When asked for clarification, on two separate occasions, he replied, “You’ll find out.” Even Vox, which prides itself on explaining the news, threw up its hands in perplexity.
The president on Tuesday hosted Henry Kissinger, a notable proponent of dropping bombs on Asian countries, at the White House. The president is schedule to visit South Korea in November, and might visit the Demilitarized Zone between North and South Korea—a setting where he could easily escalate tensions with a remark, whether careless or planned.
Of course, Trump could be just talking trash, trying to do the geopolitical dozens with Kim Jong Un, but there’s no way for Kim, or diplomats from other foreign countries, or the American people to know the difference. (North Korea itself claimed Trump’s UN remarks constituted a declaration of war, though the regime has a long history of similar comments.) The impression of a slouch toward war is sharpened by other evidence. Mattis, for example, on Monday told Army generals to be ready to fight a war in Korea. Some of that is standard readiness, but given his own bleak view of a military solution—Mattis said earlier this year that a war against North Korea would be “catastrophic” and “probably the worst kind of fighting in most people's lifetimes”—it could also be an indication of growing probability of a shooting war.

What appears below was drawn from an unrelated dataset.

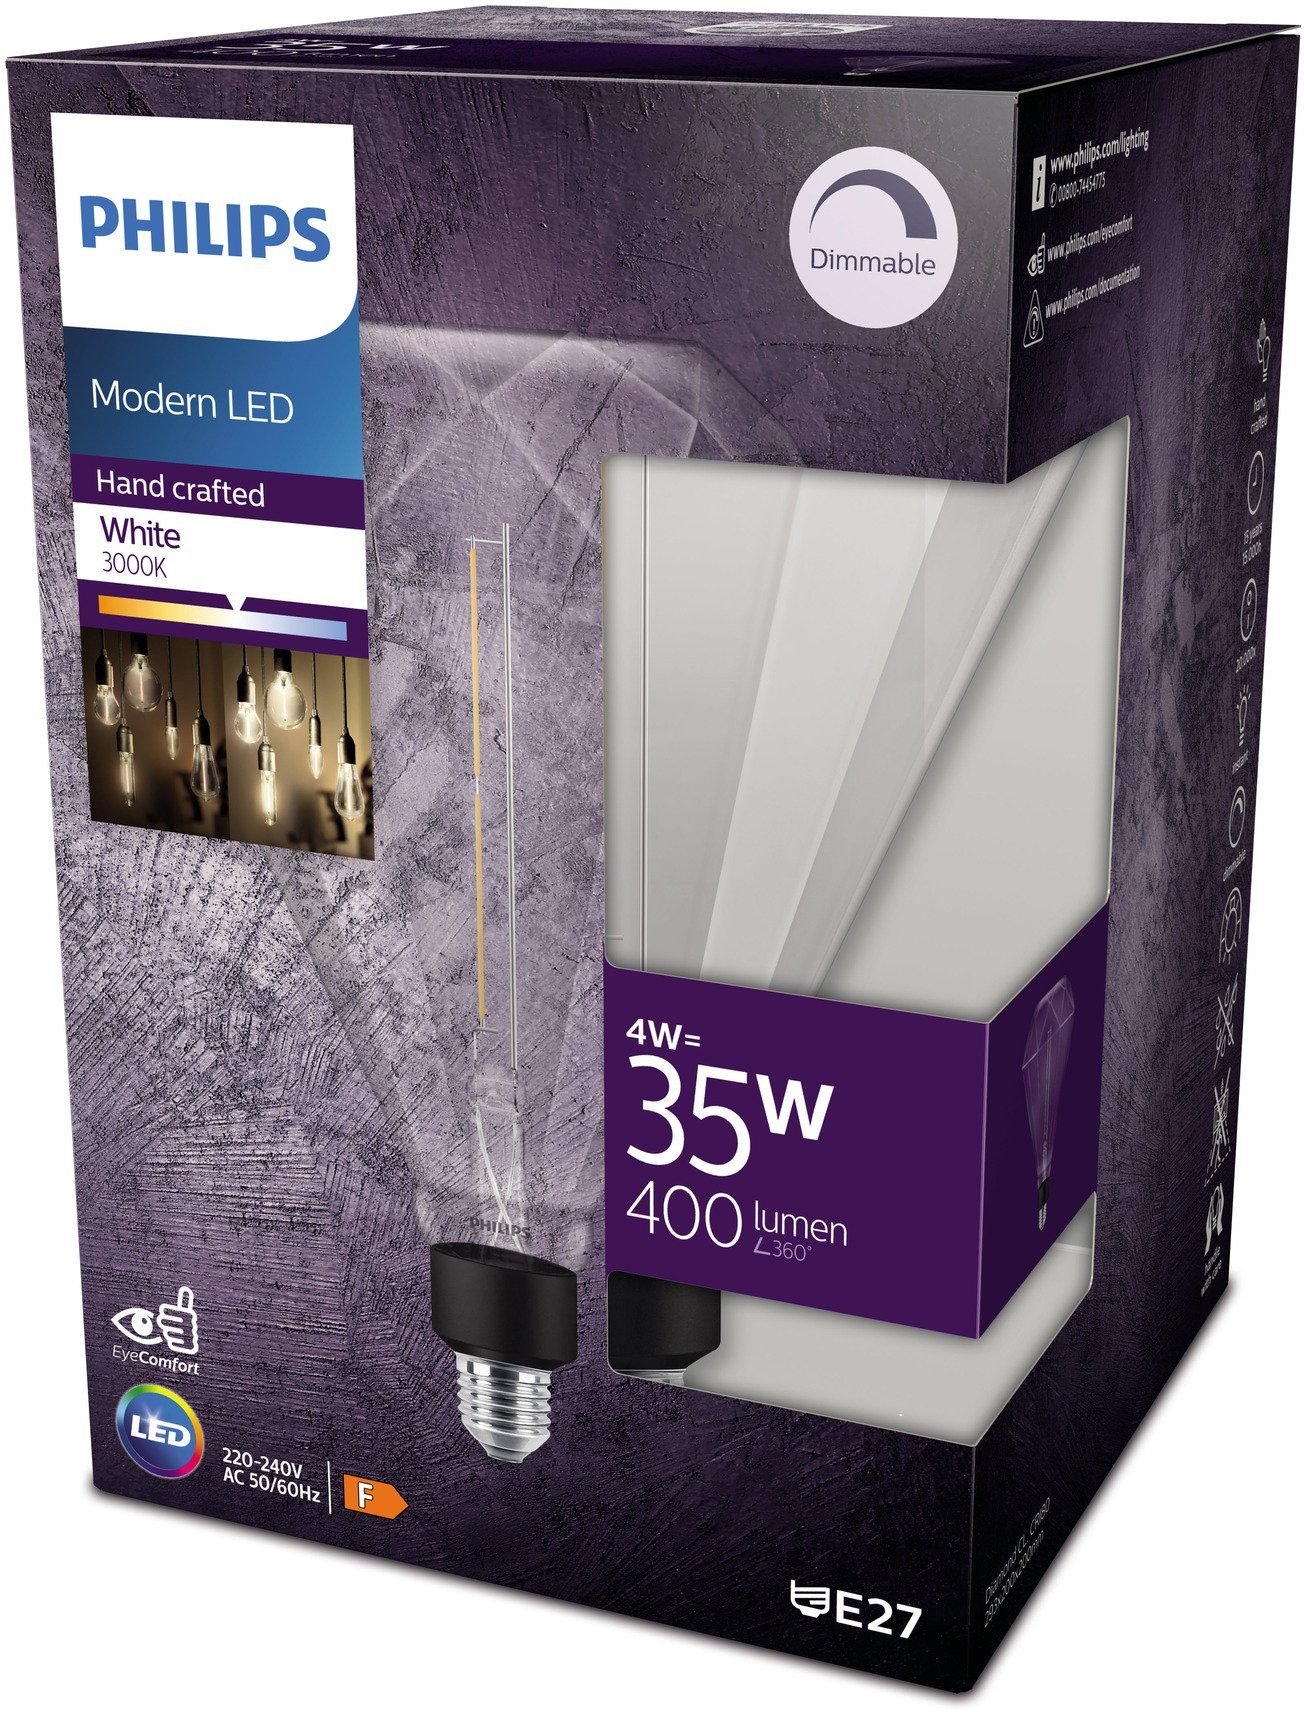 1er LED XL-35W E27 Diamond, klar St., Warmweiß Warmweiß, Lampe LED-Leuchtmittel dimmbar Philips 1 E27,

Several outlets have juicy reports published Monday or Tuesday that all center around the same phenomenon: the question among Trump’s aides of how to manage him.
One Trump confidant likened the president to a whistling teapot, saying that when he does not blow off steam, he can turn into a pressure cooker and explode. “I think we are in pressure cooker territory,” said this person, who spoke on the condition of anonymity to talk candidly.
The next few weeks will surely test Trump and Kelly’s relationship. As Kelly seeks to revive Trump’s stalled tax plan, prevent the Iran nuclear deal from falling apart, and avoid war with North Korea, he’ll also face the challenge of having to manage Trump at Mar-a-Lago. According to two sources, Kelly has developed a Mar-a-Lago strategy to prevent Trump from soliciting advice from members and friends. (In February, Trump turned his dinner table into an open-air Situation Room when North Korea test-fired a ballistic missile.) Sources briefed on Kelly’s plans said he will attempt to keep Trump “out of the dining room.” The plan looks sound on paper—but, to his staff, Trump can be a formidable adversary.
Interviews with 10 current and former administration officials, advisers, longtime business associates and others close to Trump describe a process in which they try to install guardrails for a president who goes on gut feeling — and many days are spent managing the president, just as Corker said.
One of the things those guardrails are meant to avoid is, for example, the president precipitously starting a war. But as Sherman writes, Trump is a formidable adversary, and indeed aides have not been able to prevent his off-the-cuff remarks about “fire and fury” and “the calm before the storm.”
The long parade of bellicose North Korea comments could, perversely, be evidence that efforts to defer military action have been working. Politico tells how fired former Chief of Staff Reince Priebus would often persuade the president to put off some action until “next week.” “Delaying the decision would give Priebus and others a chance to change his mind or bring in advisers to speak with Trump—and in some cases, to ensure Trump would drop the idea altogether and move on,” Josh Dawsey writes.
Yet the road to a major war is usually a long one. The Bush administration spent months laying the groundwork, both publicly and privately, for the war in Iraq. At this point, the president has demonstrated a pattern of comments that indicate a preference for a military response to North Korea, although it’s not clear that his preference will prevail. That pattern is enough that Trump’s feuds with Tillerson and Corker deserve to be seen not merely as wacky, somewhat disconcerting antics, but as part of a potential move toward a war—whether that’s World War III or not.